Likewise, we will waste more more in court proceedings and imprisonment then we will save by attempting to go after the potential of $120,000 in savings. We will destroy families, causing instability and poverty. And Rhode Island will bear the costs, for policing a federal program with overly zealous laws. To save the Feds money, cash-strapped Rhode Island will take on the costs, costs that will undoubtedly exceed $120,000. That’s practically state-sponsored masochism.

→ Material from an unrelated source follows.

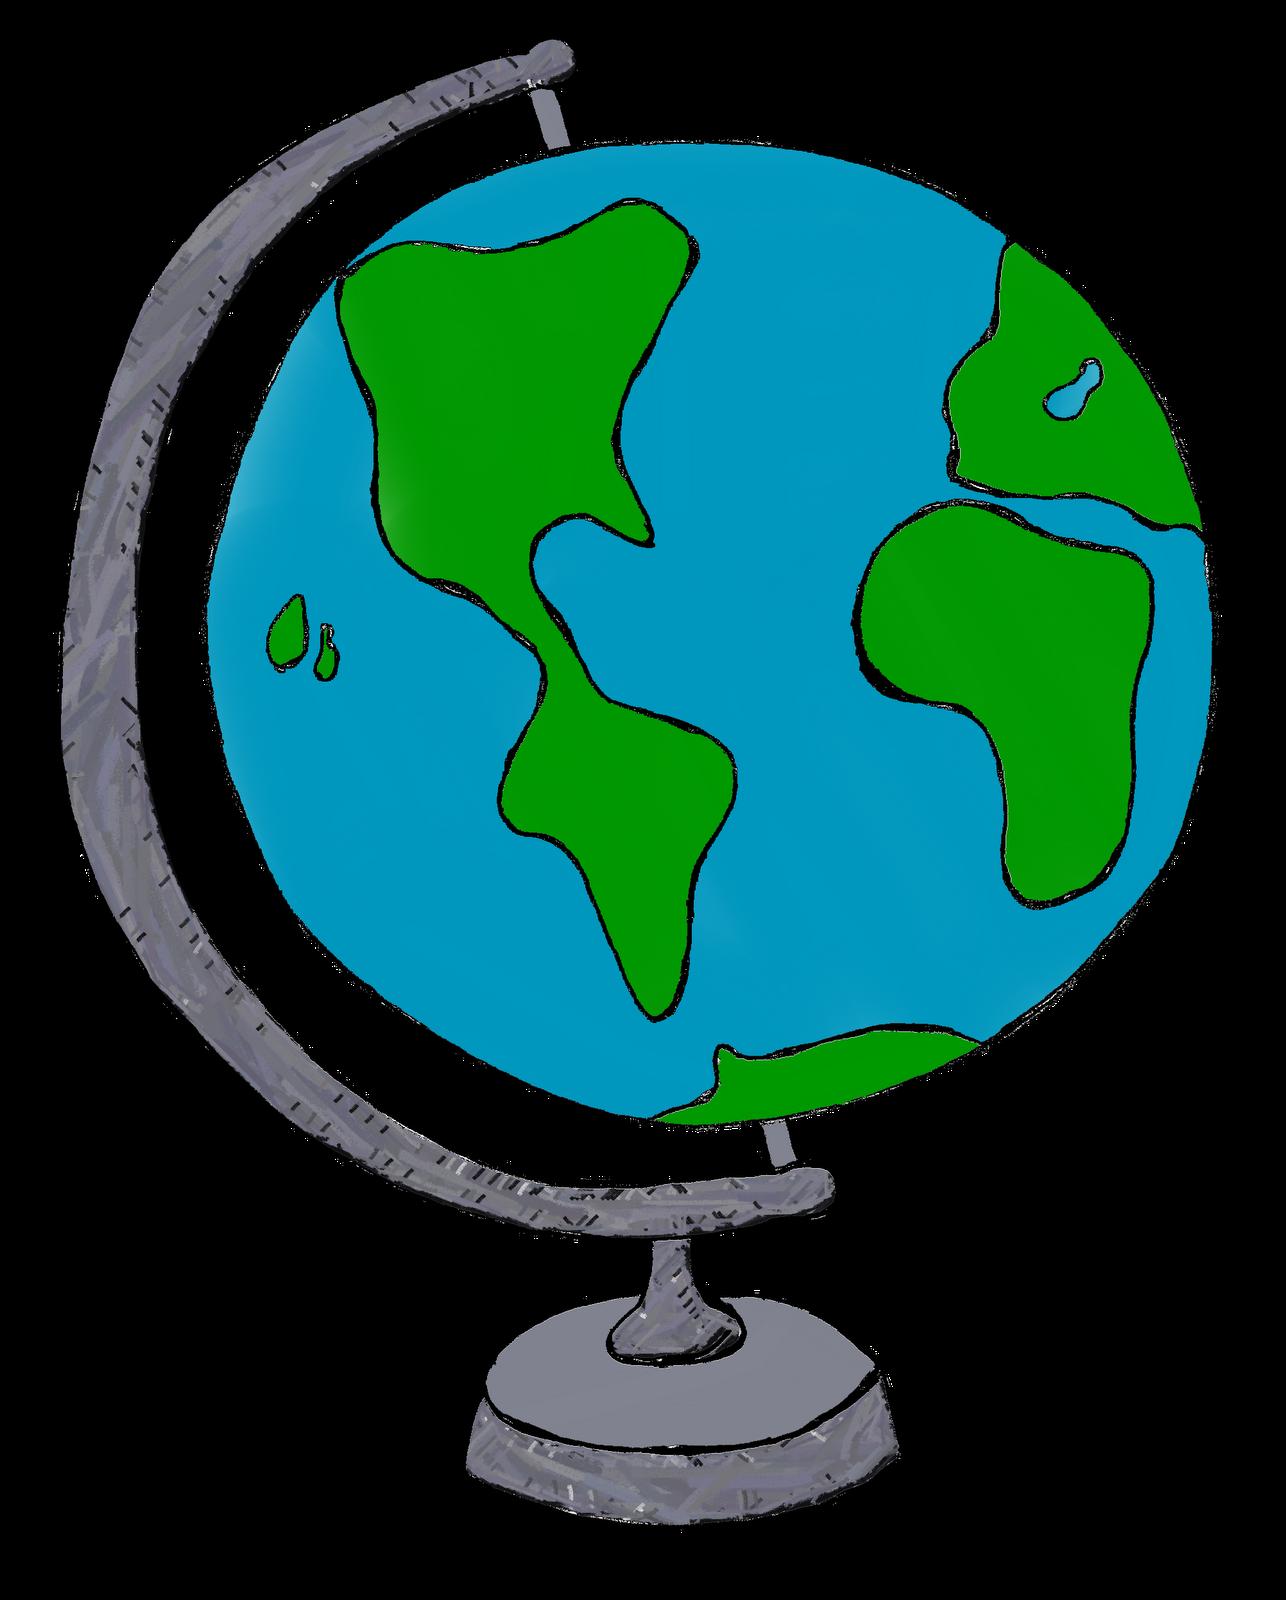 1286x1600 Top 74 Globe Clip Art
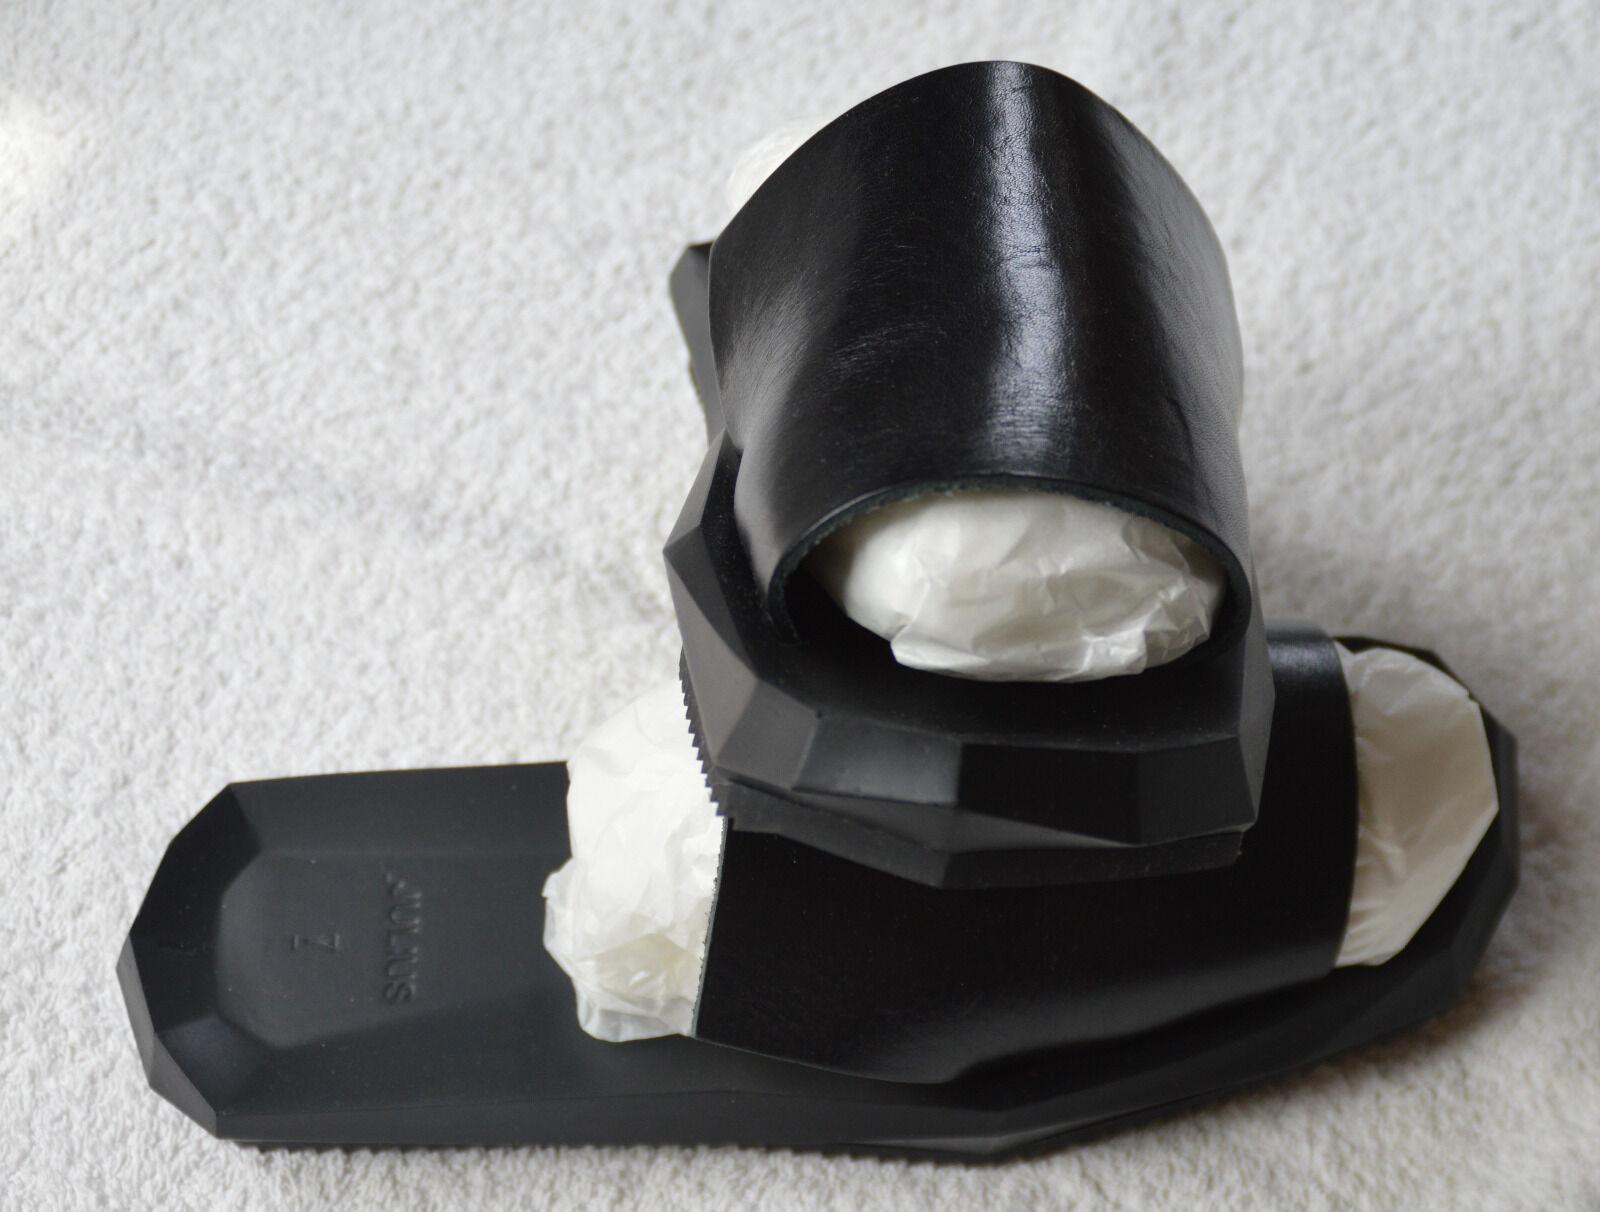 Julius 7 Sandale 53FWM8 1 Layers schwarz Leder Größe 1 53FWM8 85bb71

We punish the poor so that the well-off can point to their government budget and say “look, we’re cutting back, we’re tightening our belts.” Then they’ll buy some expensive clothes, get drunk at an expensive restaurant, hire a family member or buddy for a $40,000+ yearly salary and blow $75 million on a video game company run by a retired baseball player. But you know what, instead of dealing with that, let’s keep passing laws to make life harder for the working impoverished, homeless, and destitute. After all, they’re just trying to survive in the greatest country on the face of the Earth.

Samuel G. Howard - A native-born Rhode Islander, educated in Providence Public Schools, went to college in North Carolina and a political junkie and pessimistic optimist.